When updating an existing process configuration, you must either re-specify all its resources or specify partialConfig=“true” in the <Process> tag, e.g.:

EXEC sprockit.usp__ConfigureProcess '
<Process name="MyDb.MySchema.usp_MyProcess" partialConfig="true">
  <Inputs>
    <Resource name="MyDb.MySchema.MyExtraTable" />
  </Inputs>
</Process>
'

If you omit partialConfig=“true”, any of the process's resources already present in sprockit.Resource but not specified in the XML will be removed.

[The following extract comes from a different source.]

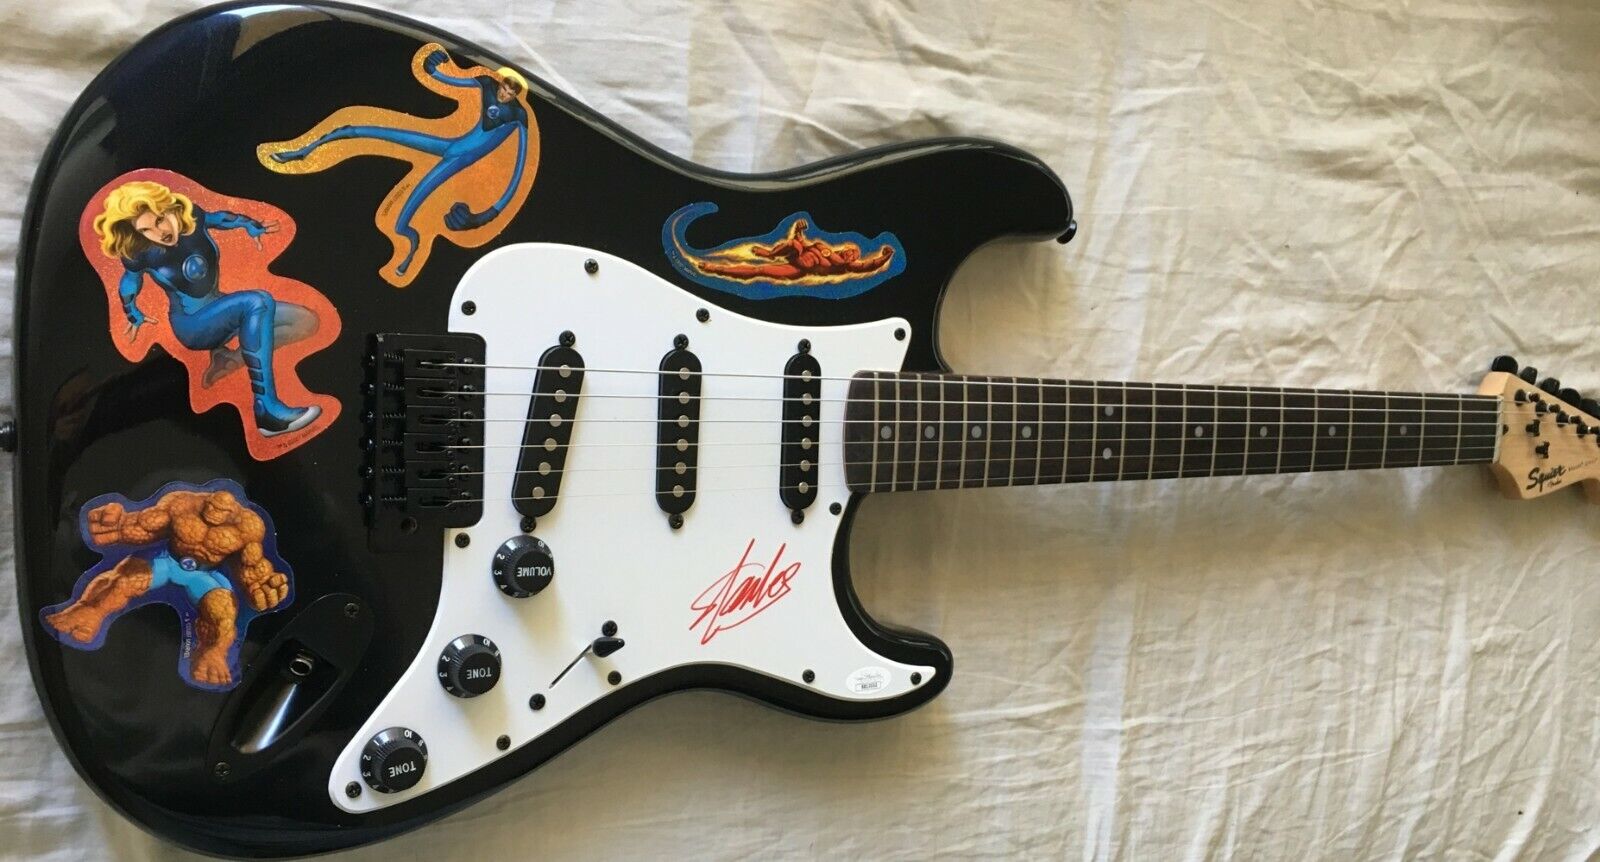 Stan Lee autographed signed Fantastic 4 Fender Squier Bullet electric guitar JSA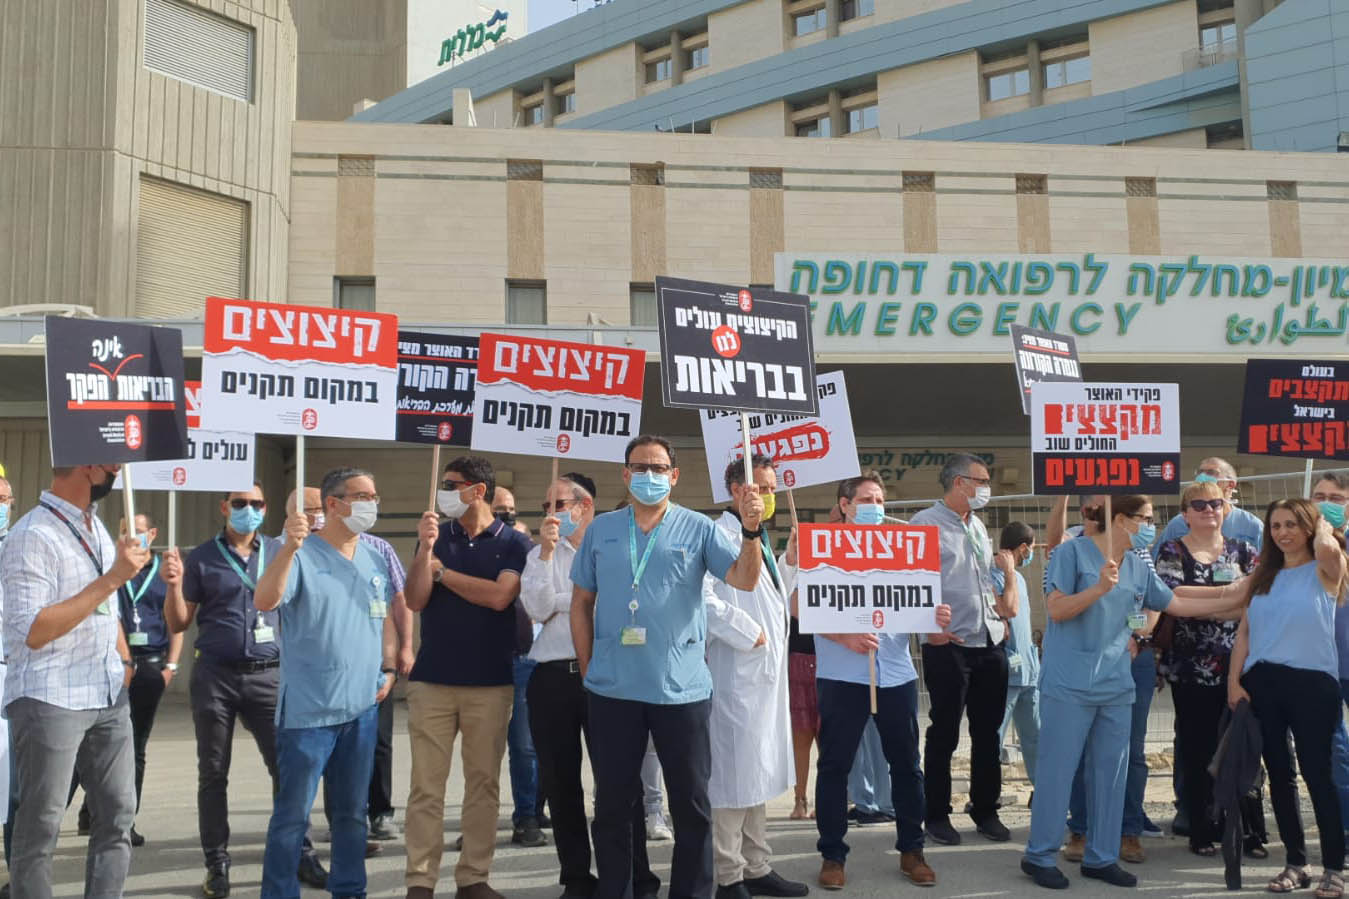 مظاهرة للأطباء المضربين في المركز الطبي سوروكا في بئر السبع (تصوير: رابطة الأطباء)

A stored query is a view or user-defined function. Objects of these kinds encapsulate access to underlying base tables (perhaps via other views or functions), so are not ready for use until those underlying tables are all up to date.

To ensure that a stored query is not used until it is ready, you should configure views and functions as processes in their own right. The (single) output of such a process is the stored query itself, e.g.:

EXEC sprockit.usp__ConfigureProcess '
<Process name="MyDb.MySchema.uvw_MyView2">
  <Inputs>
    <Resource name="MyDb.MySchema.MyTable1" />
    <Resource name="MyDb.MySchema.MyTable2" />
    <Resource name="MyDb.MySchema.uvw_MyView1" />
  </Inputs>
  <Outputs>
    <Resource name="MyDb.MySchema.uvw_MyView2" />
  </Outputs>
</Process>
'

This ensures that any processes using the view or function do not attempt to do so before its base tables are ready.

You can use the utility stored procedure sprockit.usp__CheckProcessConfiguration to report cases in which views or functions are used as inputs but do not appear as the output of a process with a matching name.